We had a good few days and I was feeling real upbeat and positive, but now I'm depressed again. I'm happy to say that it's NOT Bryan. We are still getting along real well and things are slowly returning to normal for us. But the money situation is not changing and we are still flat broke. It's just so hard getting use to living like this, no food in the house and no money to go buy food. It sucks. I have to make up my mind fast.....my medication or food for my family. If I chose my medication I feel like I'm being selfish. Although I know if I don't take my meds and end up in the hospital I will be no good to my family and they will only suffer then too. The past few days I have not eaten breakfast or lunch. I send Bryan off to work without feeding him breakfast and without packing him a lunch. I don't have any idea if he eats or not. If he does then he buys himself food and then I will be pissed at him. Because instead of buying himself one sandwich he should be buying this family food. But I actually don't think he does buy lunch. I know he has a few commercial jobs that he works for, some of them being restaraunts. And if the right manager is working then he gets free food. So some days he gets pizza, other days he gets fried chicken, other days he gets hoagies. Not too shabby. At least someone eats. I on the other hand do not eat. No wonder why I'm so over weight. My matabolism is all screwed up from skipping meals.
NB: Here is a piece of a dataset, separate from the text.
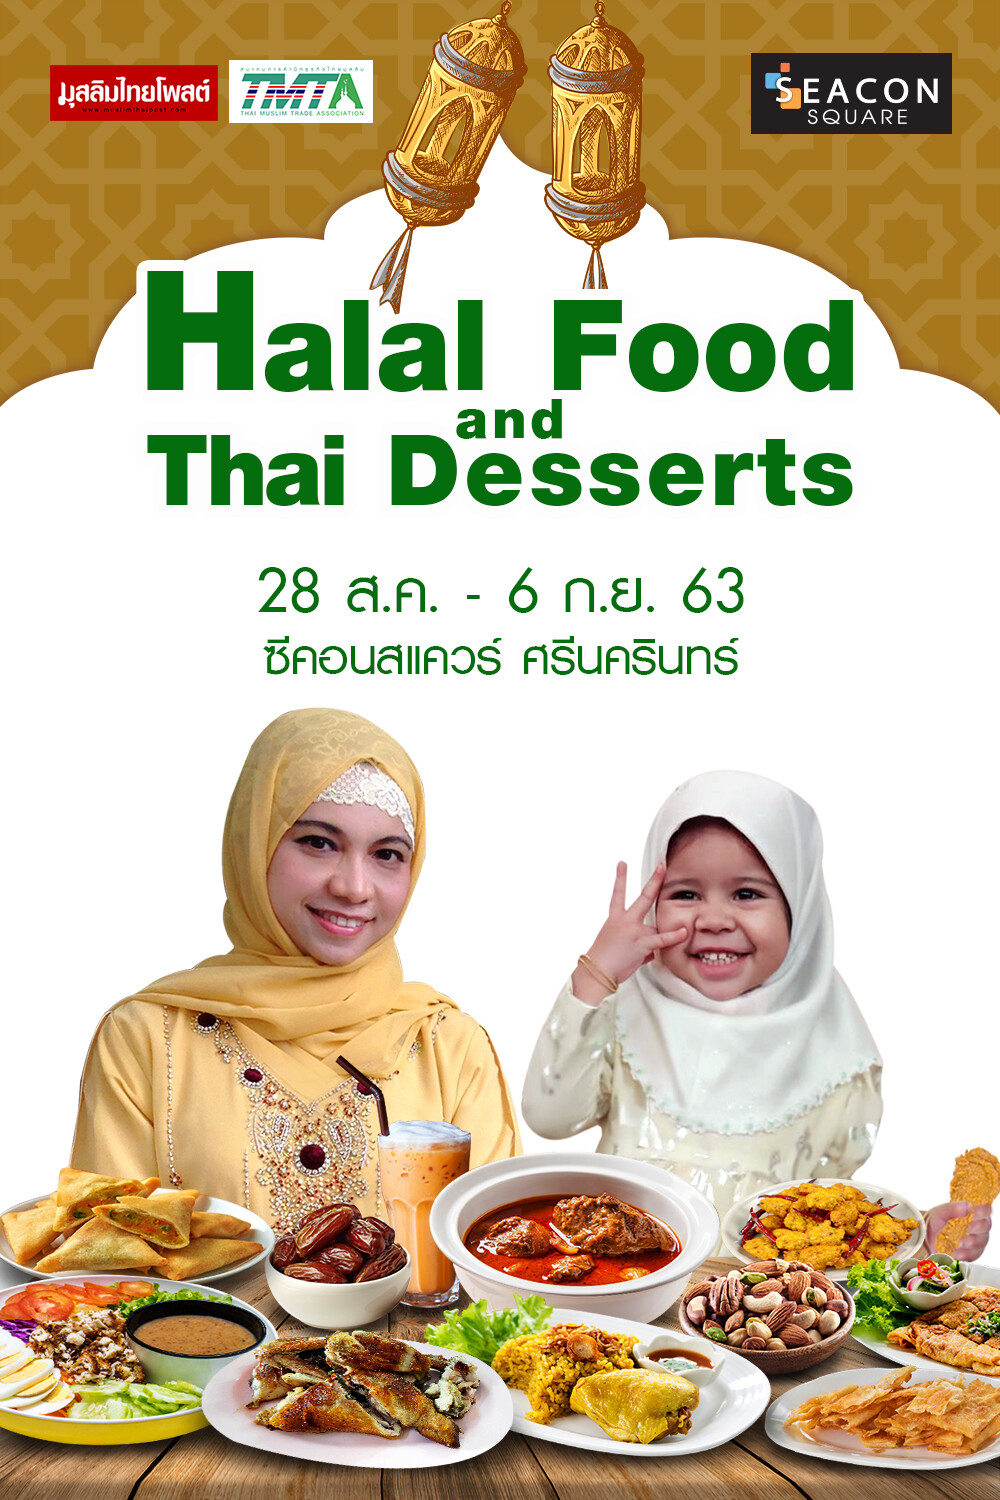 “ซีคอนสแควร์” จัดงาน “Halal Food and Thai Desserts” เสิร์ฟสารพัดเมนูอาหารฮาลาลครั้งใหญ่แห่งปี

But I would much rather feed my kids then feed myself. I have enough fat on my body to last me a while. I drink my water every day to keep hydrated and I try to eat dinner. You would think I would be bone skinny. One would only hope. But at least my kids are eating. They get their 3 meals regardless of what is going on. And when things are looking that scarce I invite myself to my moms. She doesn't know why half the time. Or at least I didn't think she knew why. She probably does. Today she popped over with soap, tissues, paper towels, toilet paper, and cereal. She always knows somehow. So that's one less expense the next time I go shopping. But what I really need is veggies, fruit, olive oil (for my salad dressing), chicken, ground beef, ya know...stuff with substance to feed my family. Pasta with butter is just not cutting it anymore. And if I feed my kids one more grilled cheese sandwich for dinner this week I'm going to scream! Actually I can't even do that, because I have no bread. But that's another issue.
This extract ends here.